The UK has become the world’s test-bed for video-to-go. More accurately, it has become the testing-ground for engineering trials of digital television broadcast to mobile devices, according to Mike Short, chairman of the international Mobile Data Association.

World Cup football in Germany this month, however, may force the technology out of the laboratory and into the commercial arena.

Two UK field trials have taken place in the past few months. The first, involving BT in collaboration with Virgin Mobile, showed that consumers were prepared to fork out up to £8 a month for a package of channels.

A second, run by the mobile operator O2 with the commercial station NTL Arqiva, found that people watched for up to three hours a week, averaging 23 minutes a session at home as well as on the move.

Which seems oddly counter-intuitive. Why should anyone choose to watch TV on a tiny screen using earphones when many homes these days boast thin, widescreen televisions in the parlour? It’s an intriguing question, but then the results of the two trials must seem doubly strange to those who regard mobile TV as of questionable value.

More UK trials are in prospect including a collaboration between BSkyB and the US semiconductor company Qualcomm in the first European trial of a technology called “MediaFLO”. Two weeks ago, a group of UK and South Korean companies including Arqiva, BT Movio, Radioscape, Factum, LG Electronics and Samsung announced a trial to take place in London to demonstrate the relative merits of different technological approaches.

Broadcasting television programmes to mobile devices is already a reality in South Korea where 600,000 receivers have been sold since December. The technology has also gone live in Germany, spurred into action by the proximity of the World Cup.

Frontier Silicon, a UK-based electronics group which is a world leader in receiver modules for digital audio and video says it has shipped more than 1m integrated circuits for incorporation into mass market mobile phone handsets for mobile TV services in South Korea, China and Germany.

Industry watchers agree that mobile TV is on the move. David McQueen, a senior analyst with the consultancy Informa Telecoms and Media, argues that the World Cup will kick-start mobile TV growth: “By the 2008 Olympics [in China] we will all be prepared to watch TV on our phones and by the 2010 World Cup, the infrastructure will be mature and one-in-13 mobile phone users worldwide will own a mobile TV handset,” he says.

It is significant that Radioscape, the company which has supplied the UK’s commercial radio stations with the technology to enable them to play out digital audio, has started to close deals with Chinese broadcasters.

This suggests that China will be well prepared for digital video broadcasting by the time it hosts the Olympics.

The research arm of the Canadian bank CIBC has little doubt that mobile TV is about to come into its own: “We believe the mobile food chain has reached critical mass,” it says, concluding that all the necessary pieces are now in place. “We expect commercial activity to move from Korea where it started in 2005 to the US in 2006 and Europe and other regions in 2007 and thereafter.”

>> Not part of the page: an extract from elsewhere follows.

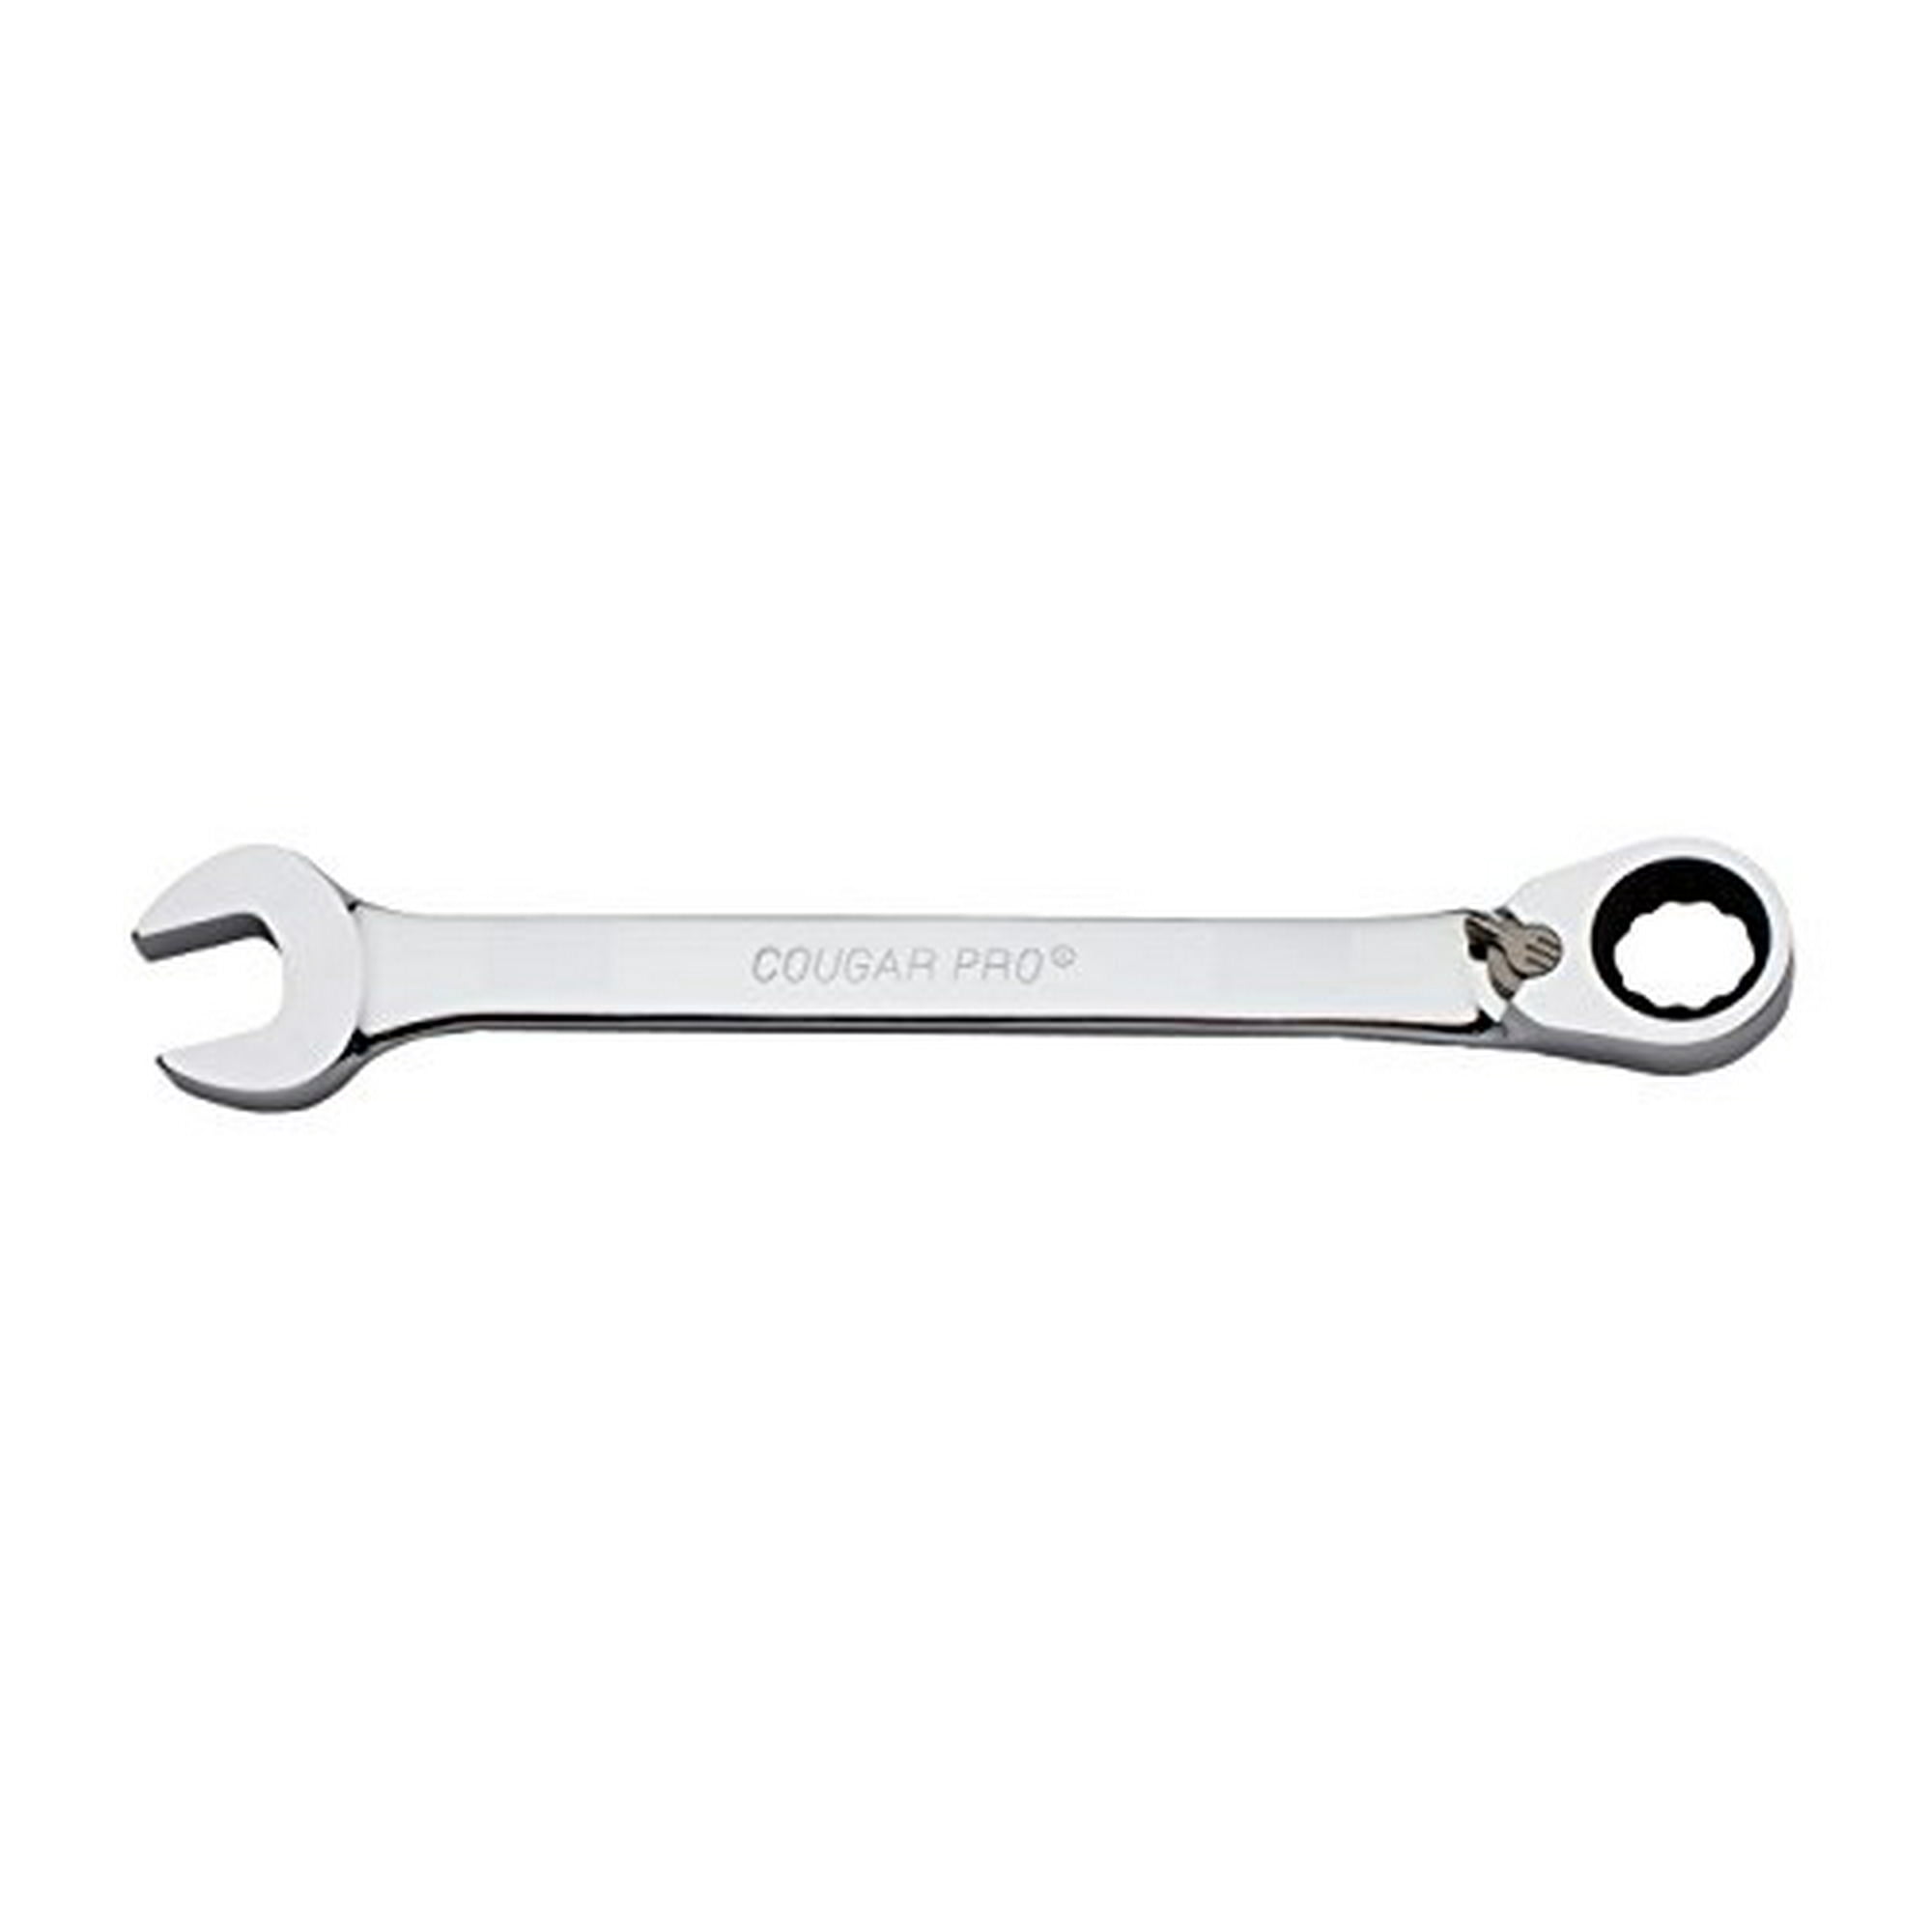 Cougar Pro by Wright Tool M1519 19mm Reversible Ratcheting Combination Wrench Full Polish Chrome

All of which looks like good news for handset manufacturers and network operators. The need to acquire digital video-enabled handsets will help drive the replacement cycle while the apparent willingness of subscribers to pay for TV content should help sustain operators’ income and satisfy their search for ways to drive up average revenue per user.

Questions of broadcasting standards and spectrum allocation will need to be resolved, however.

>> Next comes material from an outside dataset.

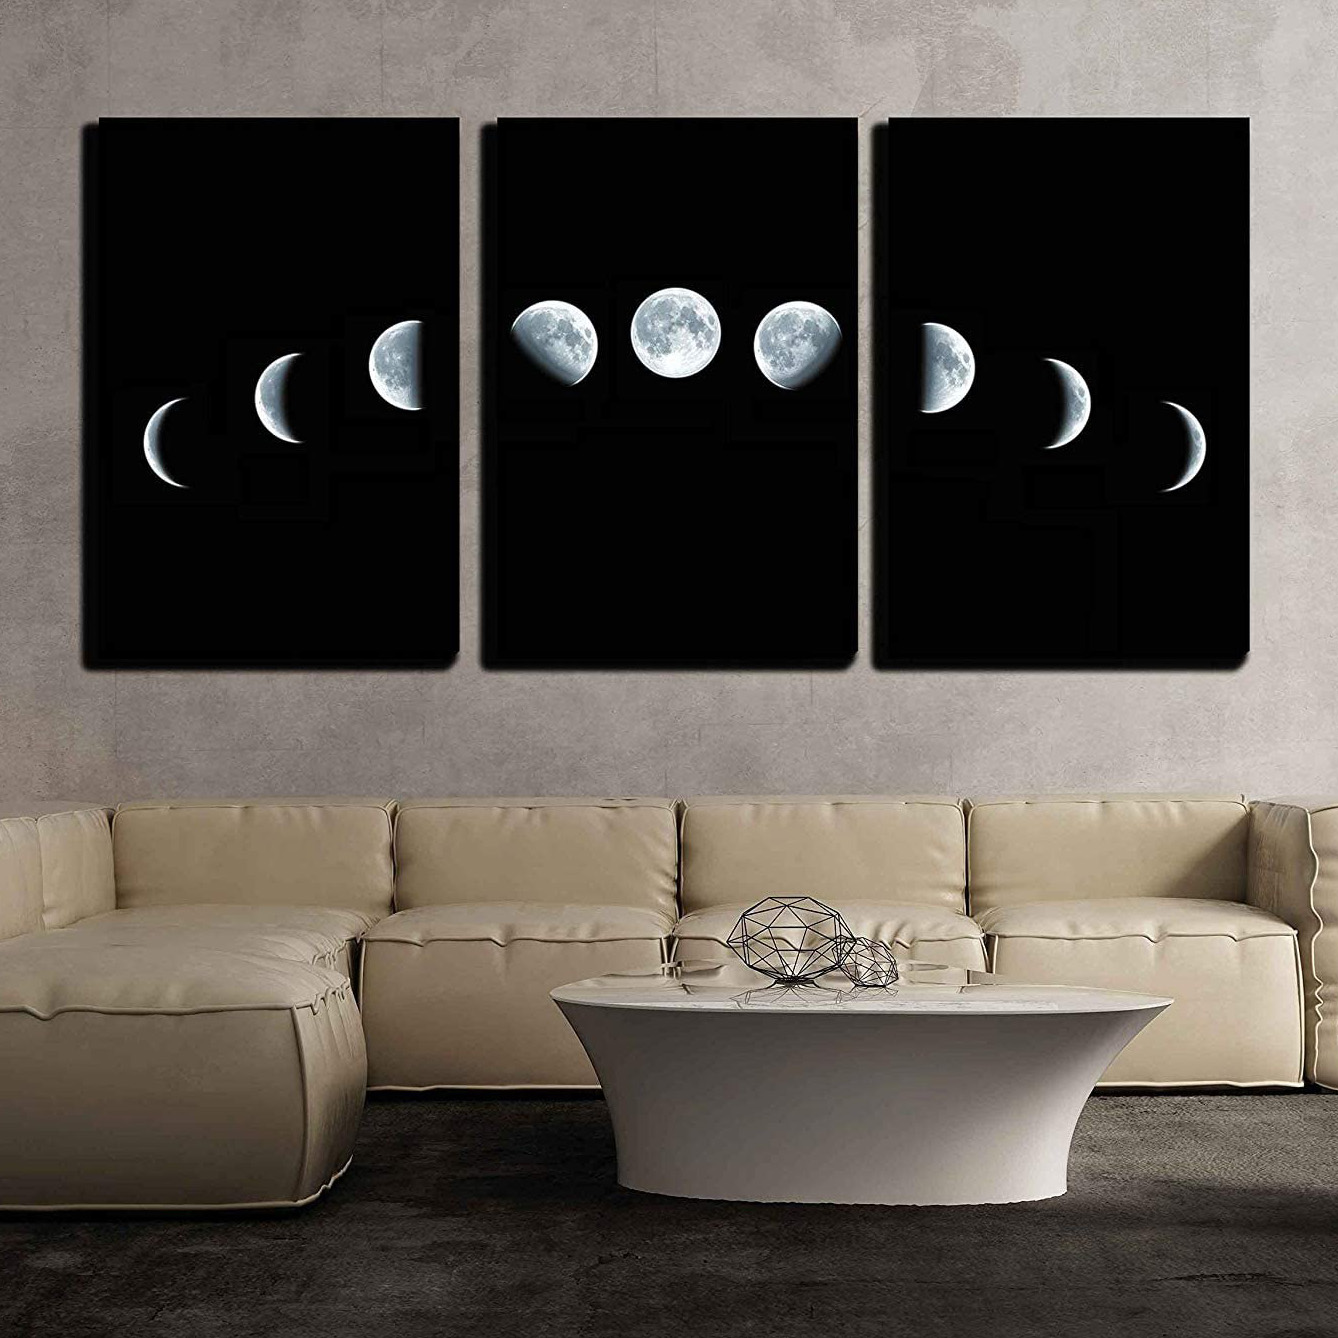 the phases of the woon on a canvas

There are at least four standards in play: DVB-H, a derivative of Europe’s terrestrial broadcasting technology and used in the 02/Arqiva trial; MediaFLO, a proprietary technology developed by Qualcomm of the US; T-DMB, a technology in use in South Korea; and DAB-IP, which transmits radio and television signals over the internet.

Inevitably, it looks as if each of these standards will be accepted in some markets. Just as with mobile phones, there seems little hope of achieving a world standard, despite the efforts of the International Telecommunication Union, whose regional conference closed last week in Geneva.

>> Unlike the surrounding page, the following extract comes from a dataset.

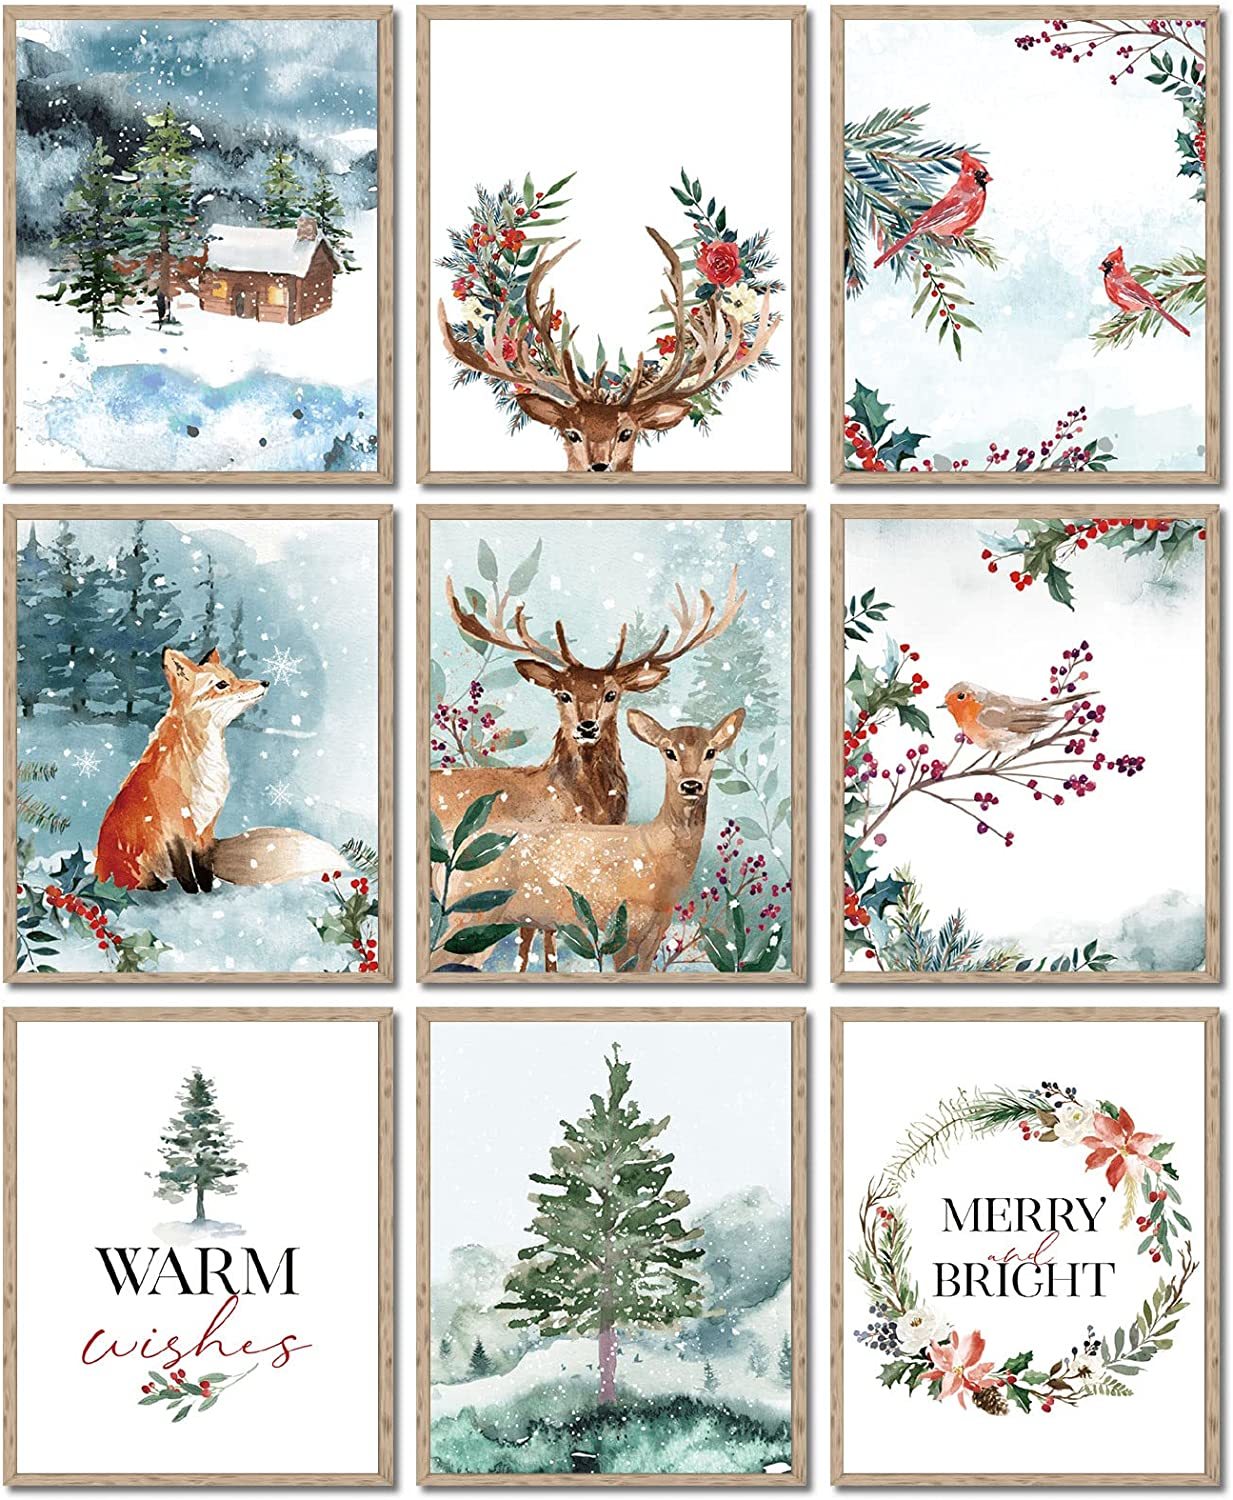 Christmas Wall Art Prints By Anydesign 9 Pcs. Watercolor Woodland, Unframed. - $38.97

Analysts such as CIBC think that DVB-H is the best positioned standard worldwide, with companies such as Philips of the Netherlands, Texas Instruments and Motorola of the US and NEC of Japan, as well as Truespan Semiconductor of the US, Siano of Israel, Dipcom of France and Frontier Silicon of the UK, all working on DVB-H chips.

The World Cup, however, seems likely to form the best test-bed for what many think is the next killer application for mobile phones.